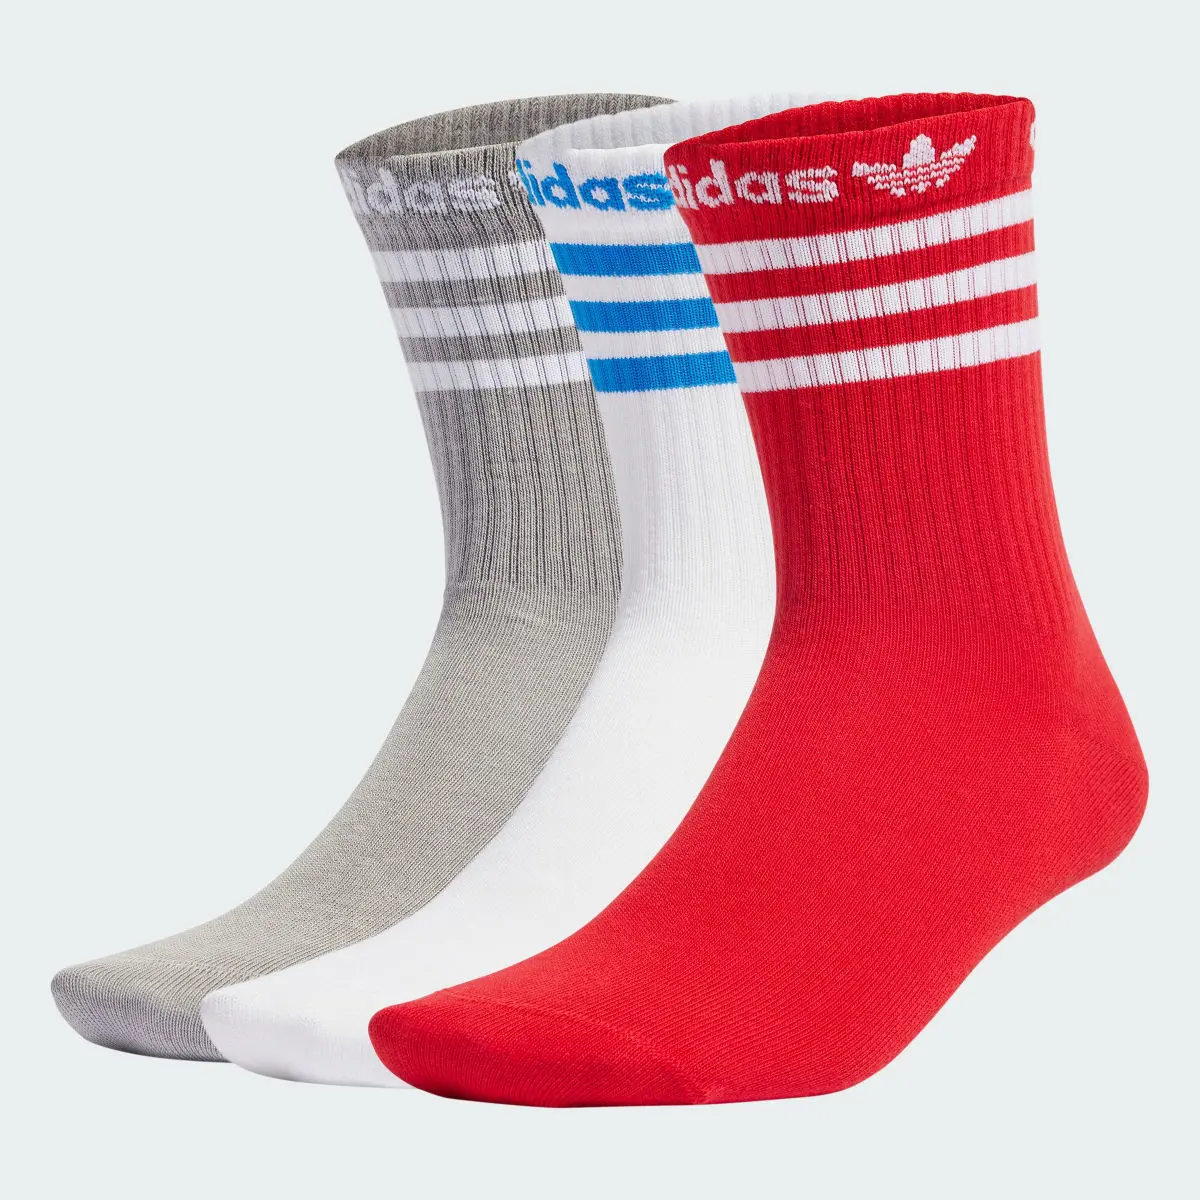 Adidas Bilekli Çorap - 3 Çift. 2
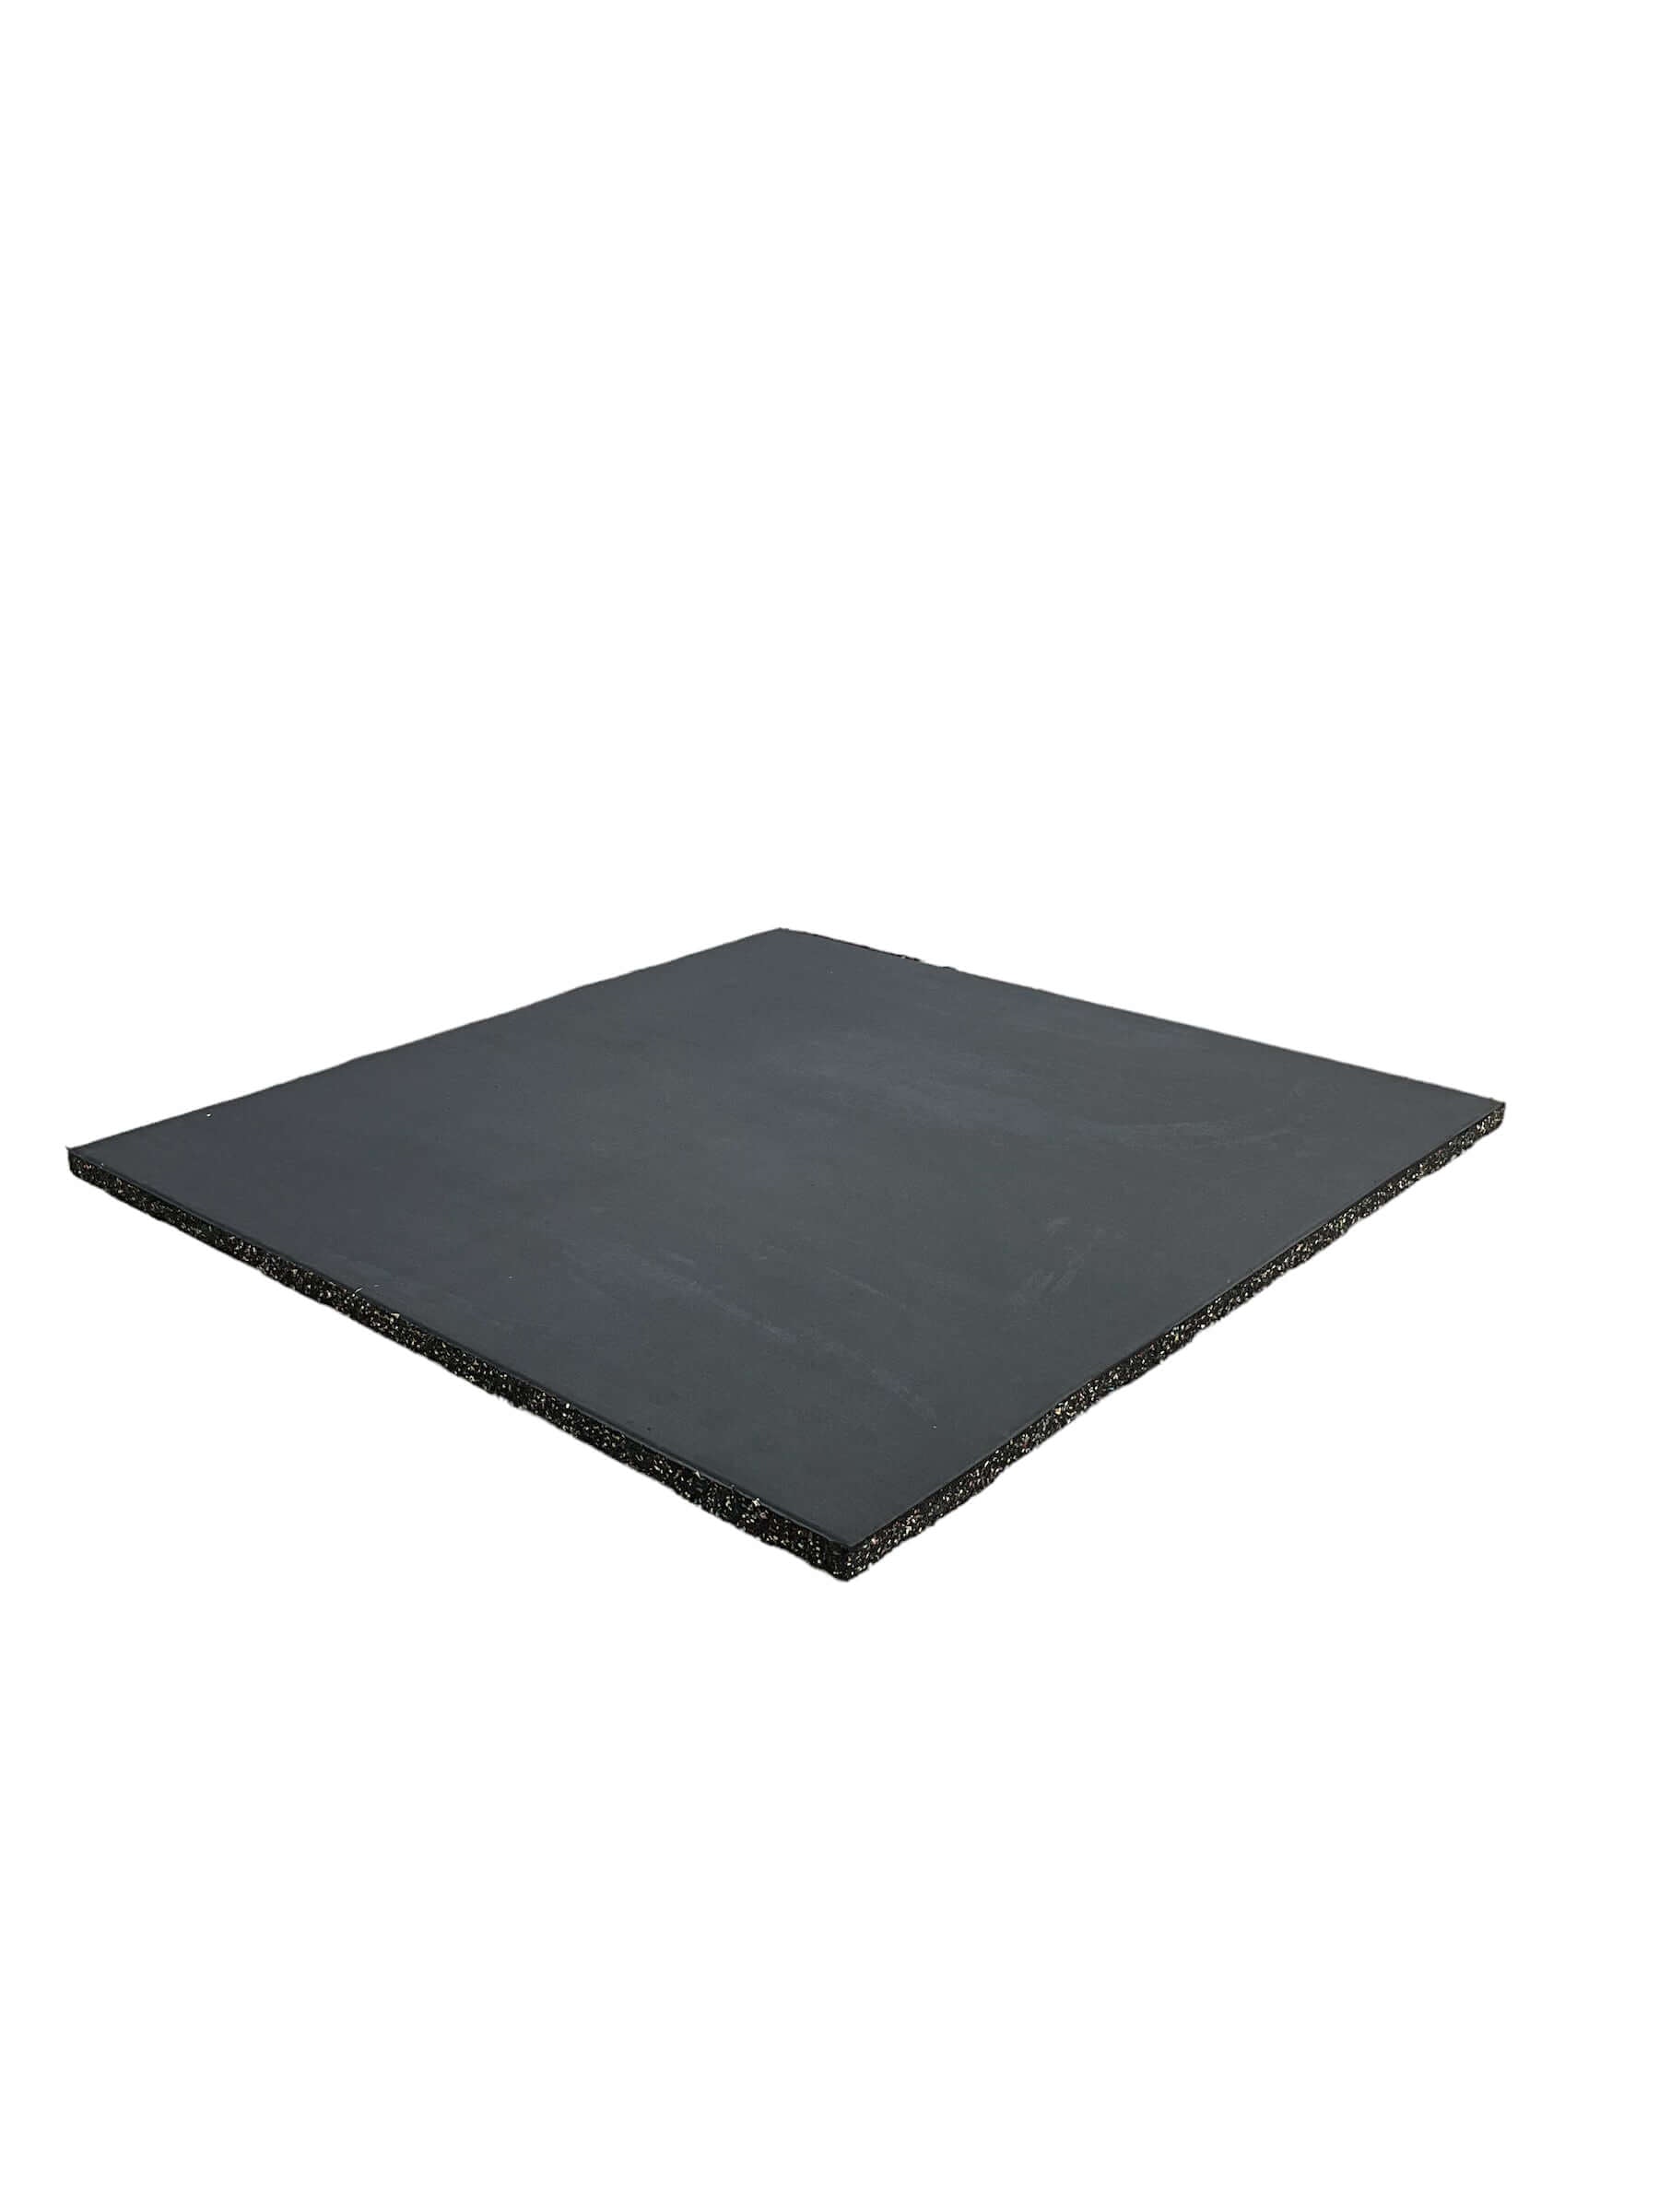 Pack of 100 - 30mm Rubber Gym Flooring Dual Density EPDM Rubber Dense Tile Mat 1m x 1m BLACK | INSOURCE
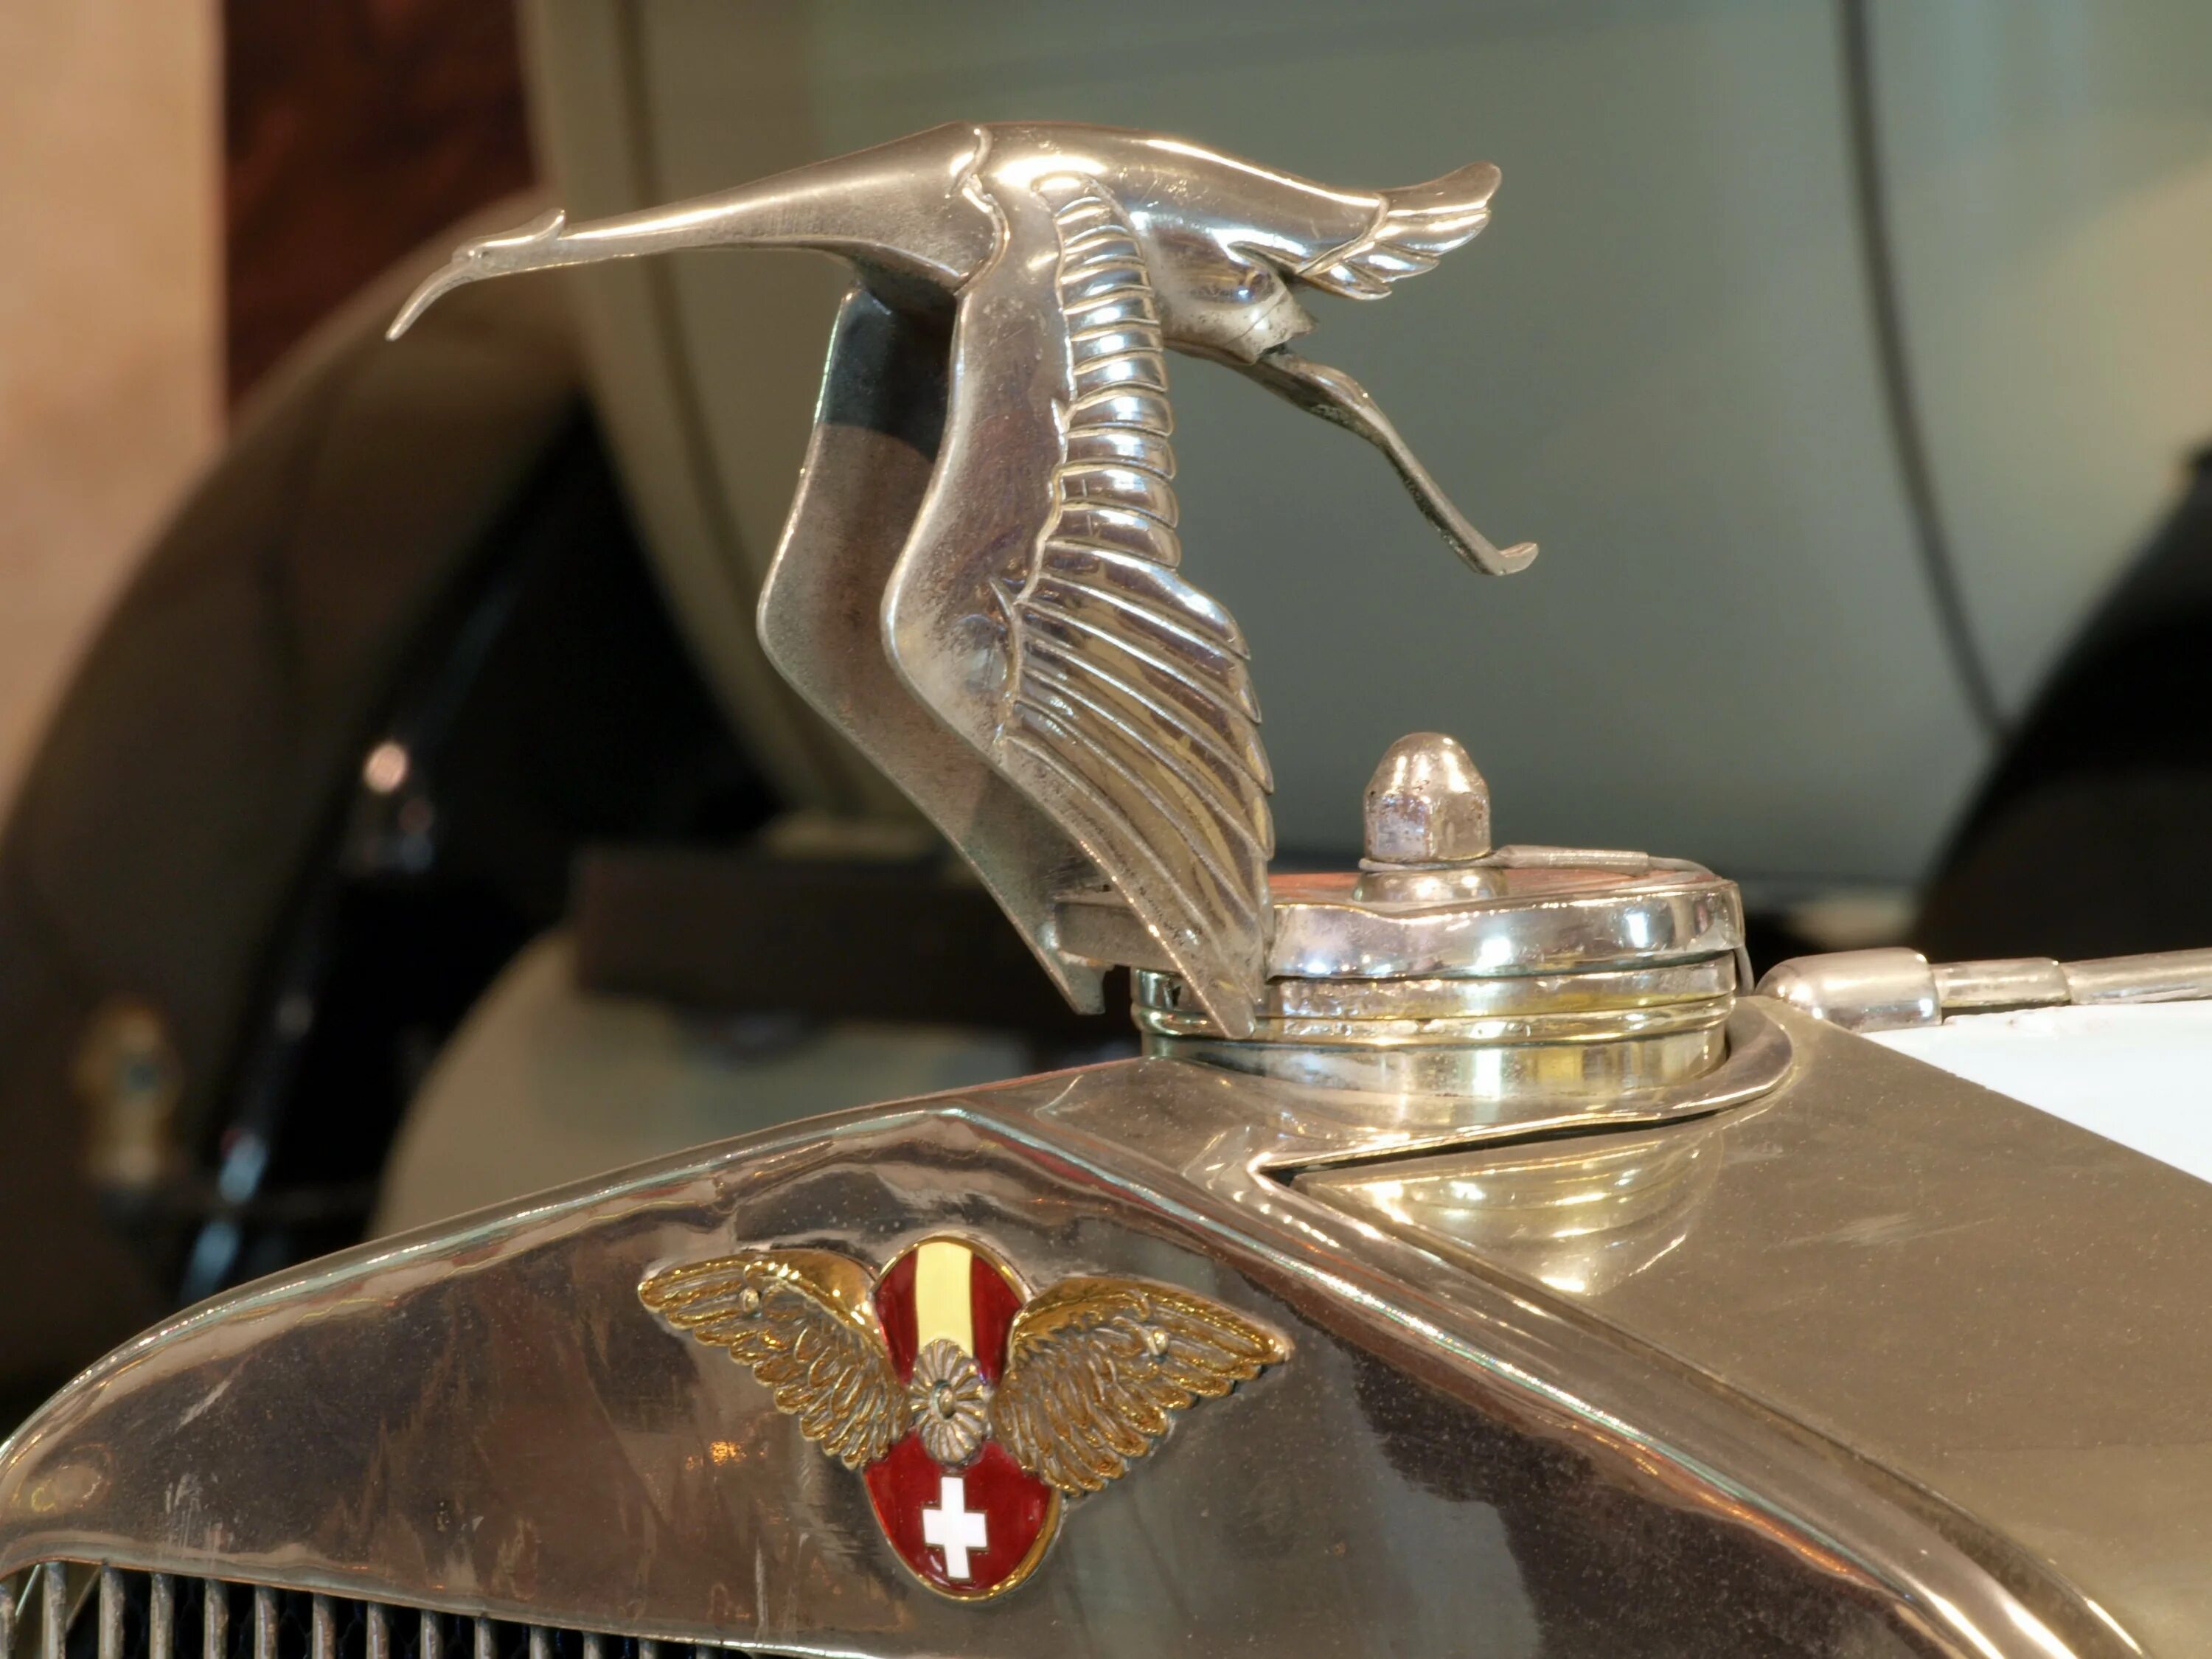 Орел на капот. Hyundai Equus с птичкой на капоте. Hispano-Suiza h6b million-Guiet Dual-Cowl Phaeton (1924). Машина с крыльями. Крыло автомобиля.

────────────────────

# WORK TASK:
Find the line with "Pack of 100". Reproduce it and every line after it through the last line above exactly, leaving out the pictures.

# EXPECTED ANSWER:
 Pack of 100 - 30mm Rubber Gym Flooring Dual Density EPDM Rubber Dense Tile Mat 1m x 1m BLACK | INSOURCE
 Орел на капот. Hyundai Equus с птичкой на капоте. Hispano-Suiza h6b million-Guiet Dual-Cowl Phaeton (1924). Машина с крыльями. Крыло автомобиля.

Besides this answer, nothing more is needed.